One of the concerns of critics like Brown is that the contests push the girls into the realm of sexuality, long before their time.

"When you have them looking older, for a lot of people that means looking sexier. I don't think it's a great idea for girls at that age to be focused so much on their sexuality," Brown said. "If you're telling a 6-year-old to act like a 16-year-old, you're telling her to be seductive and to be sexy."

But Brilliant contends that isn't the case, and says that critics misconstrue what the girls do when they take the stage.

"I wouldn't say it's sexualized," she said. "I think that they're more just trying to be a model and it's more of a dance routine than anything."

Paul Peterson, a former child actor, is the president and founder of A Minor Consideration, an organization working to change the child entertainment industry. He believes the pageants not only put demands on children's time and energies, but also sexualize young girls.

"This is feeding the sex industry," Peterson said. "There is a tremendous trade within juvenile modeling."

But simply dressing for the pageant doesn't necessarily mean looking older, Tevan said. In fact, young competitors who try to look too old could receive points off, she said.

"If the child would have a dress on that we feel is too low cut for a child that age or if the child uses movements that aren't age-appropriate, then we would probably take off points," Tevan said.

The ‘Pageant Mom’ Phenomenon

Critics have also raised concerns about "pageant moms," women who aggressively market their children in beauty contests.

Lisa J. Rapport, a psychology professor at Wayne State University in Detroit studied 74 former young performers in television and film.

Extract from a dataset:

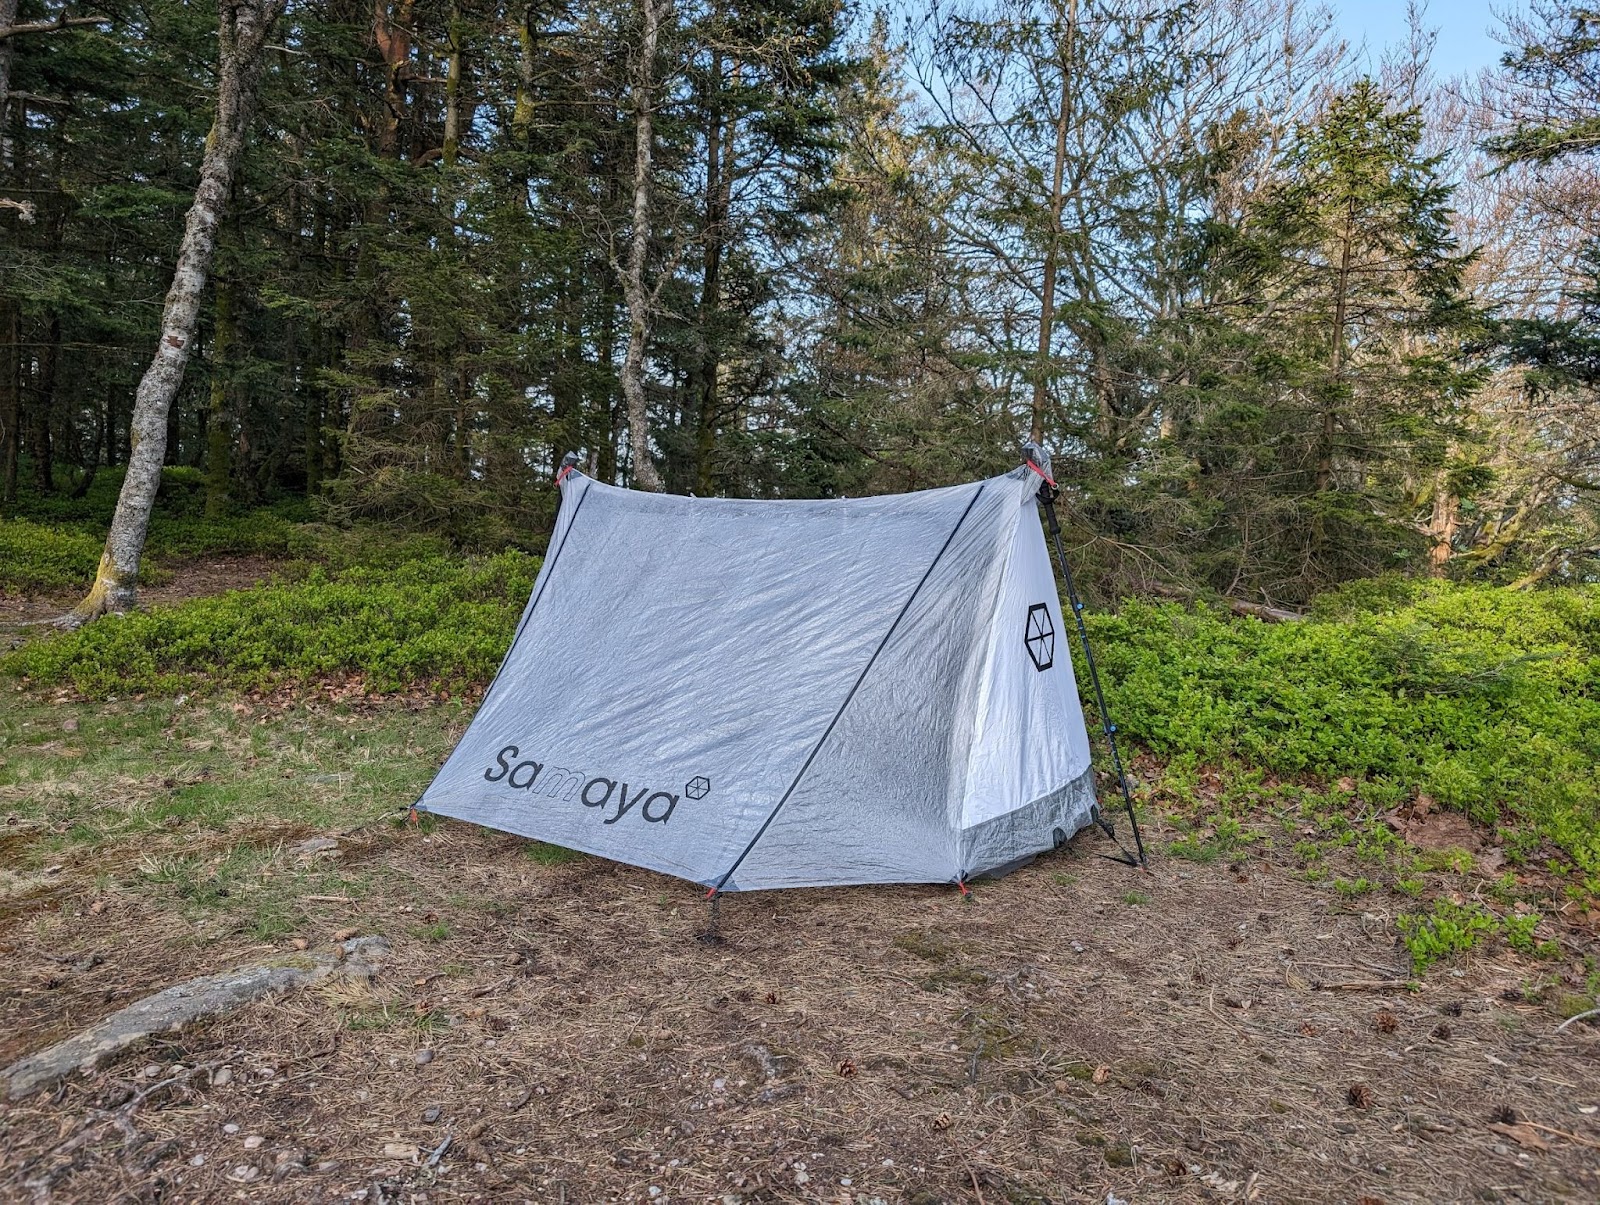 Road Trail Run: SAMAYA OPTI1.5 Ultralight Tent Review

She found that mothers who served as managers were likely to have a far less stable and positive relationship with their children than were mothers who kept business separate.

"When parents become overly invested in the child's success, it may be more difficult to pull back and listen," said Rapport, who also discovered that the incidence of substance and alcohol abuse was higher among former kid performers.

But pageant advocates say that such stories are few and far between.

"Sometimes the parents are living through the child," Brilliant said. "But, I'd say that 95 percent of the time, parents really are doing it because the children want to do it."